DATASET EXTRACT:

□ □ □ □

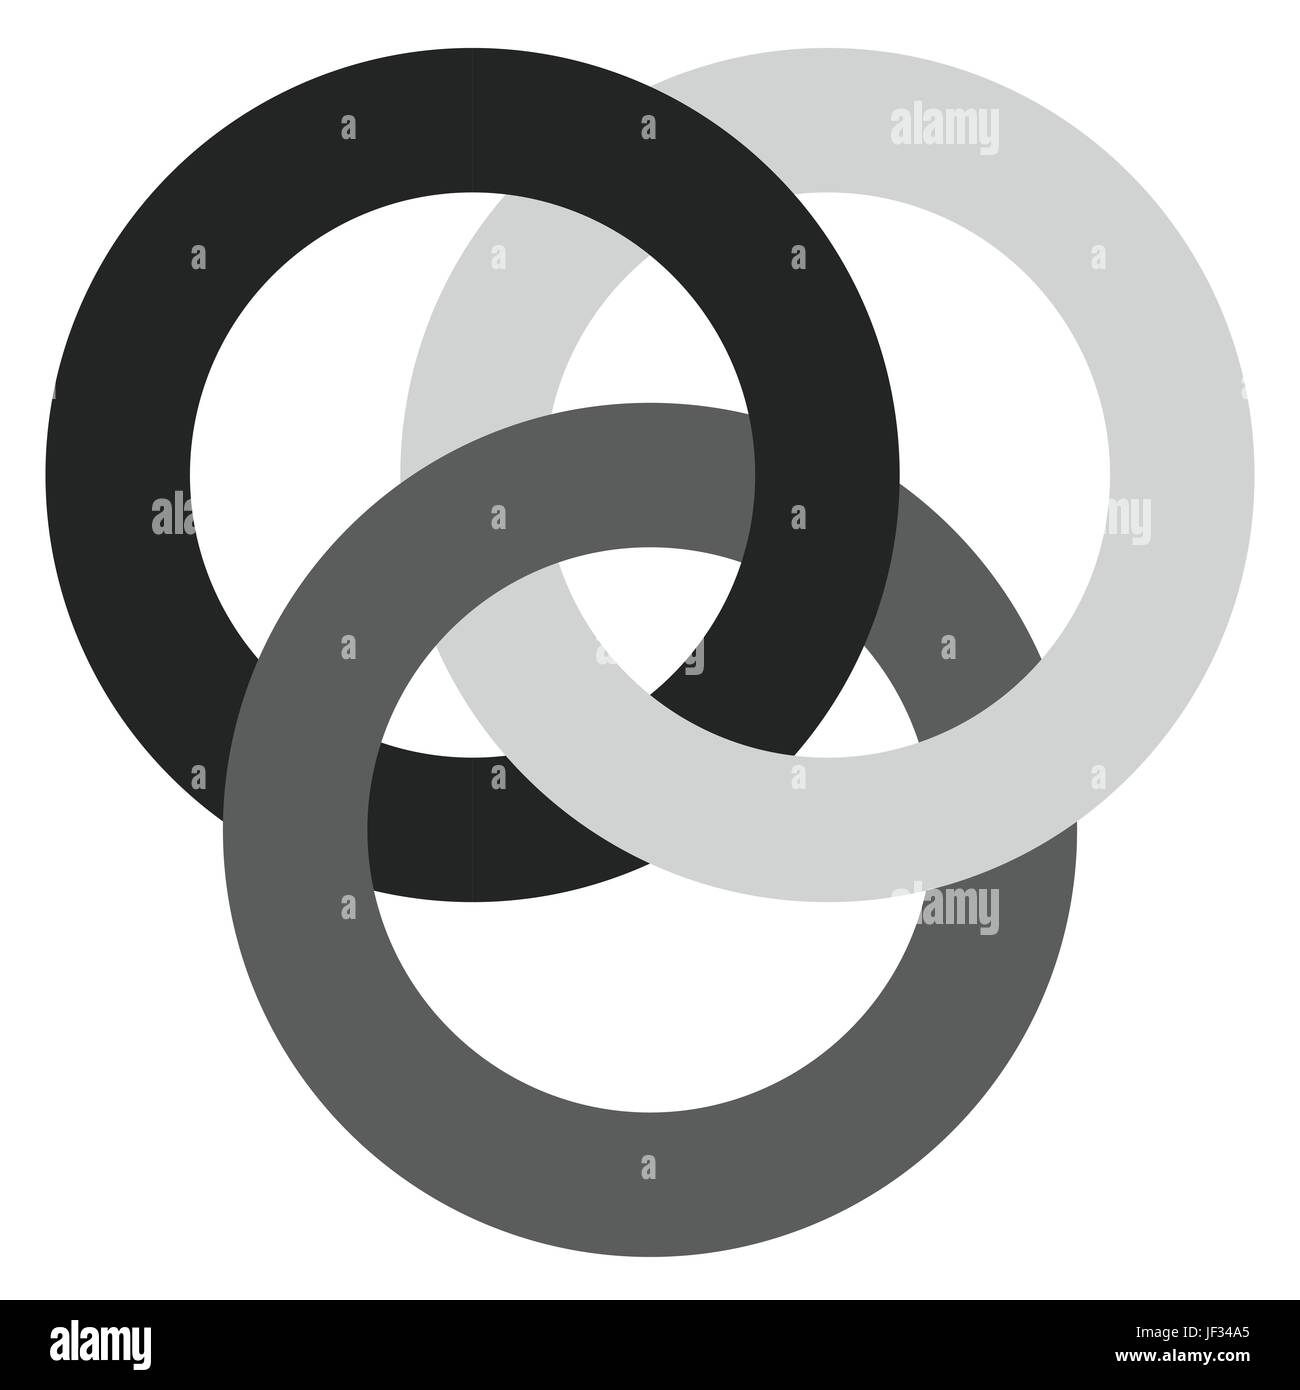 Icono con 3 círculos entrelazados. anillos. Símbolos abstractos para la  conexión, la unidad, la relación, vinculación o conceptos similares Imagen  Vector de stock - Alamy
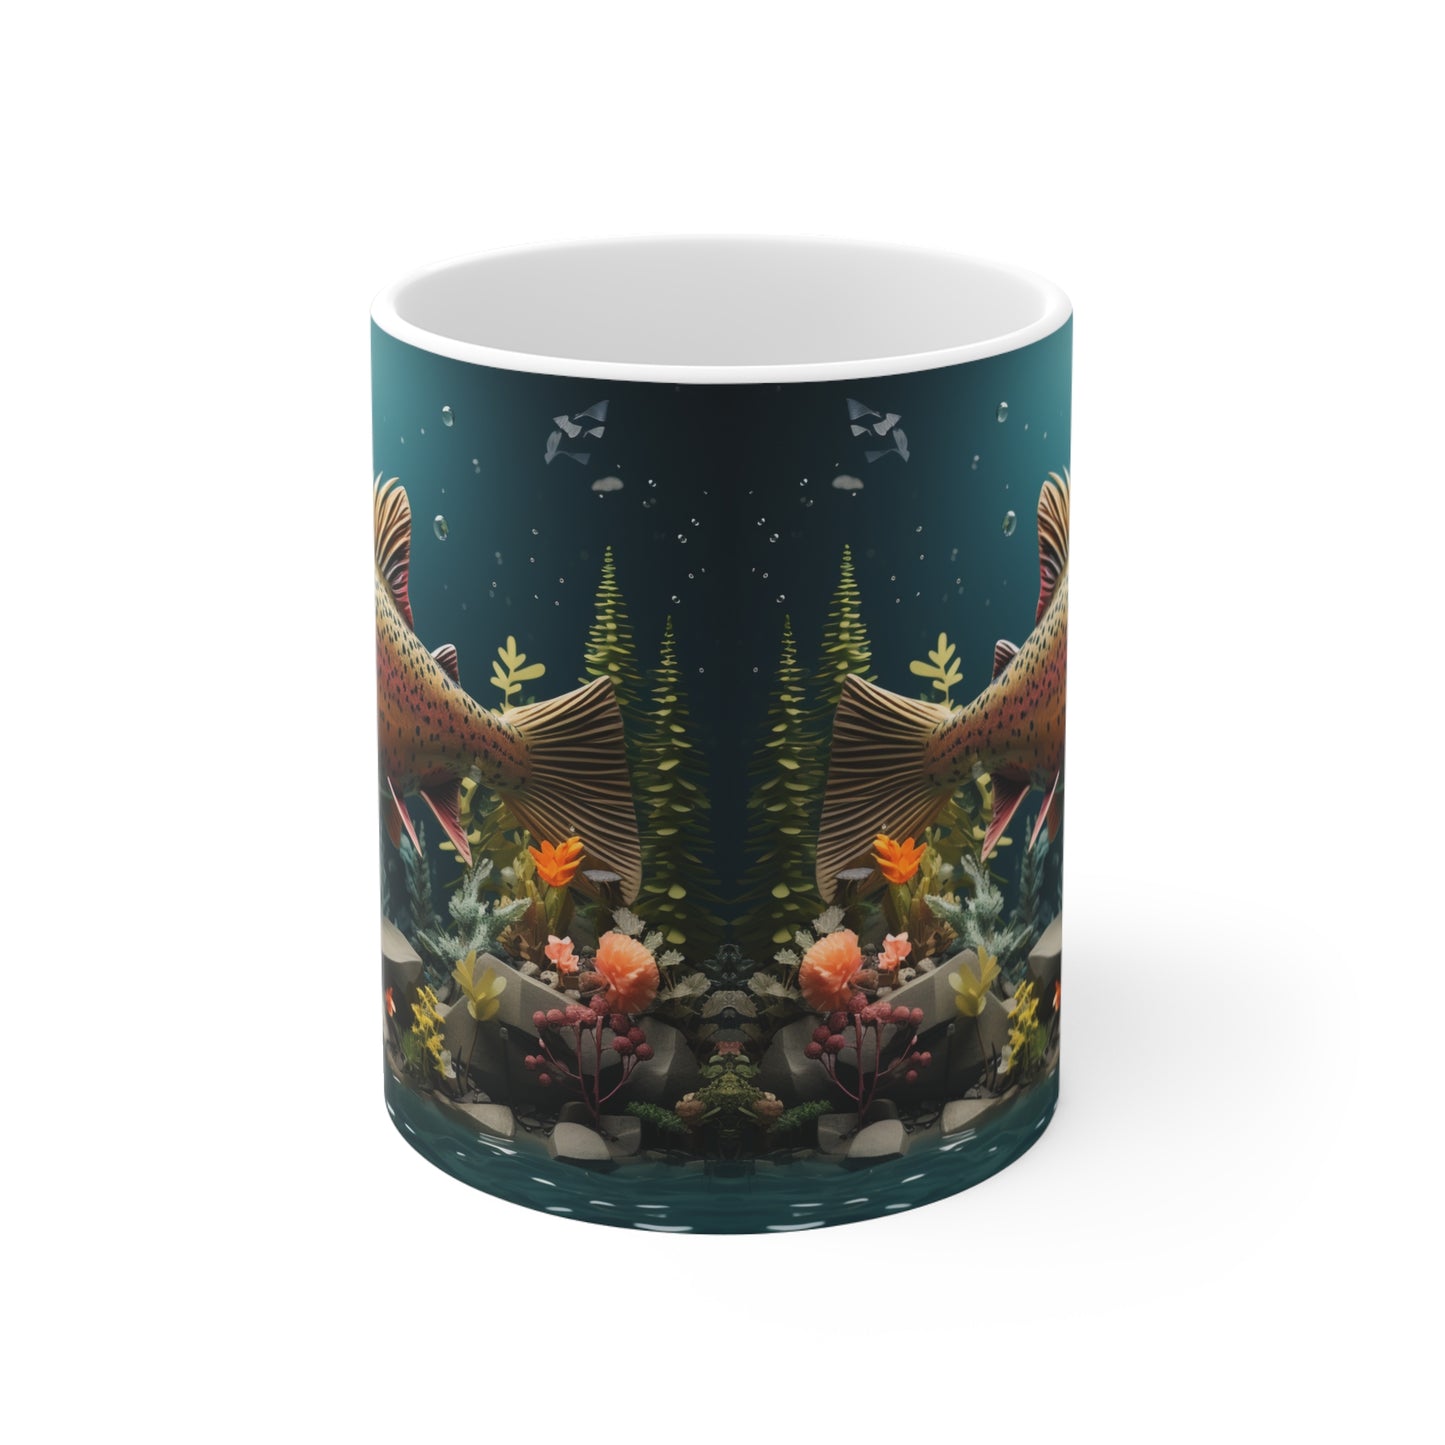 Rainbow Trout in Underwater Garden 11oz Coffee Mug
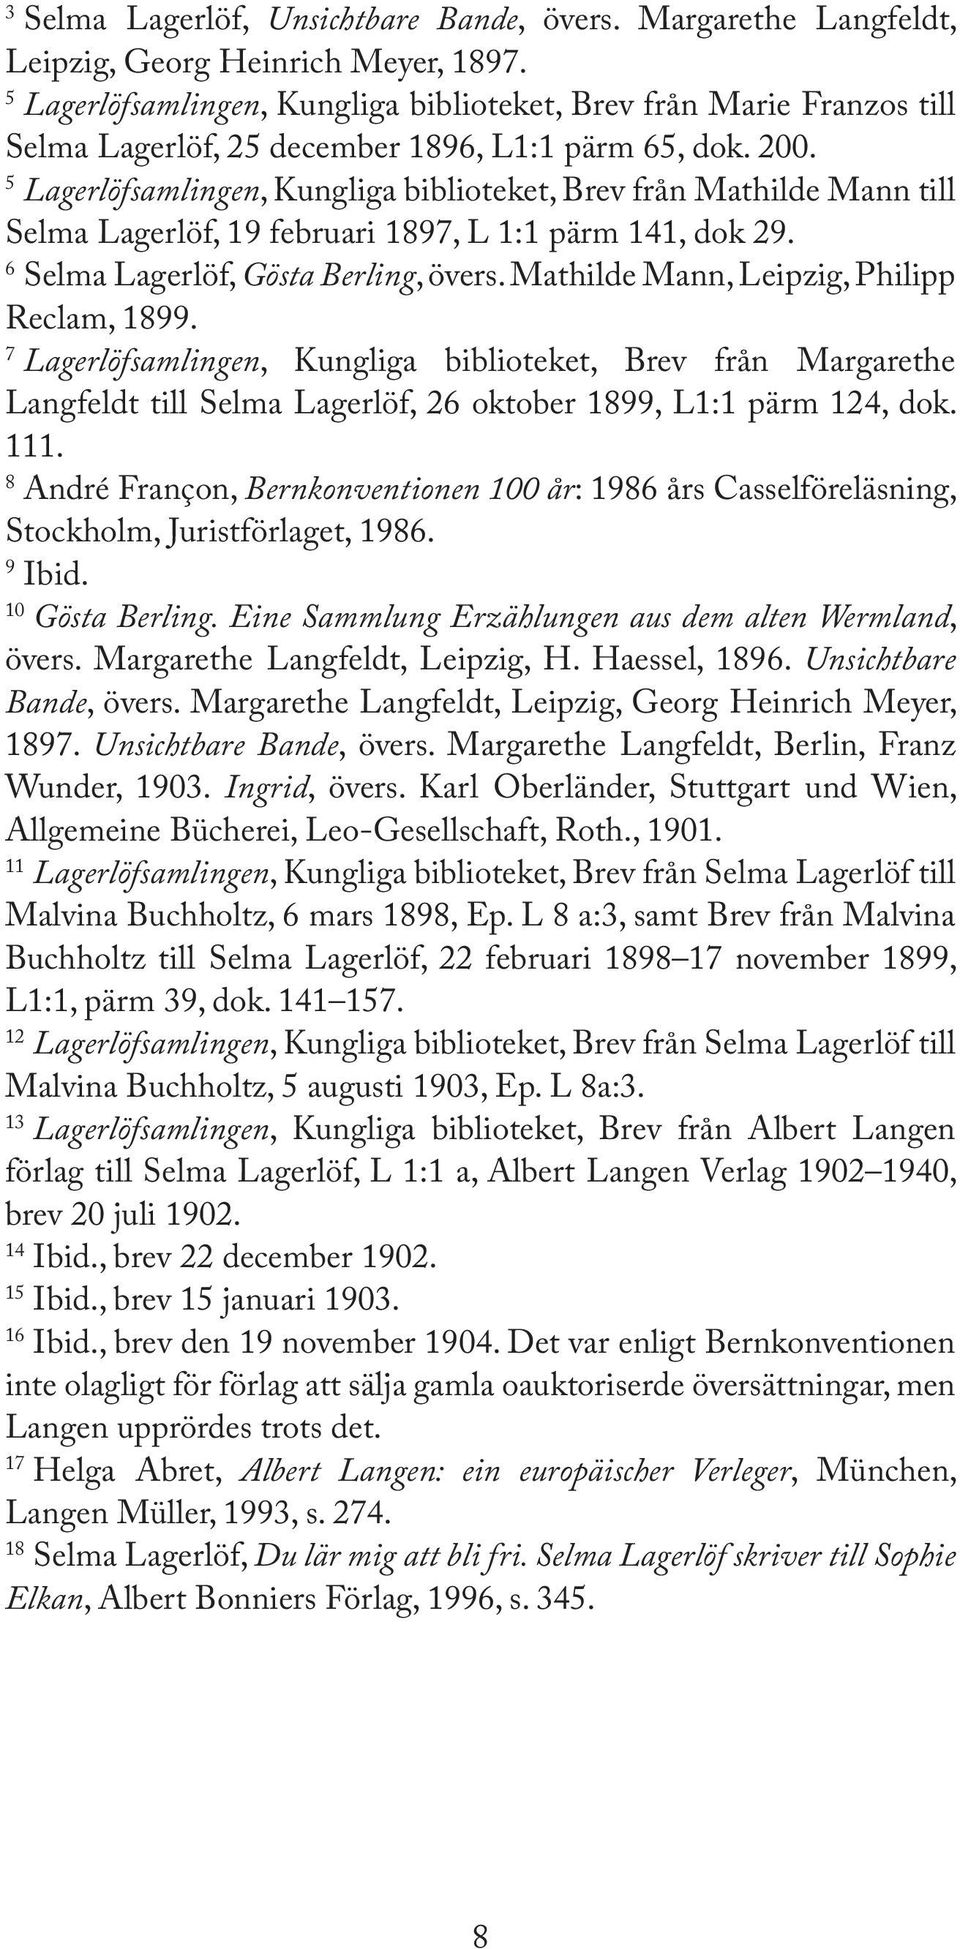 5 Lagerlöfsamlingen, Kungliga biblioteket, Brev från Mathilde Mann till Selma Lagerlöf, 19 februari 1897, L 1:1 pärm 141, dok 29. 6 Selma Lagerlöf, Gösta Berling, övers.

□ □ □ □

WHAT TO PRODUCE: Once the line holding "Rainbow Trout in" is found, copy it and each later line exactly through the end of the data, leaving out the pictures.

EXPECTED OUTPUT:
 Rainbow Trout in Underwater Garden 11oz Coffee Mug
 5 Lagerlöfsamlingen, Kungliga biblioteket, Brev från Mathilde Mann till Selma Lagerlöf, 19 februari 1897, L 1:1 pärm 141, dok 29. 6 Selma Lagerlöf, Gösta Berling, övers.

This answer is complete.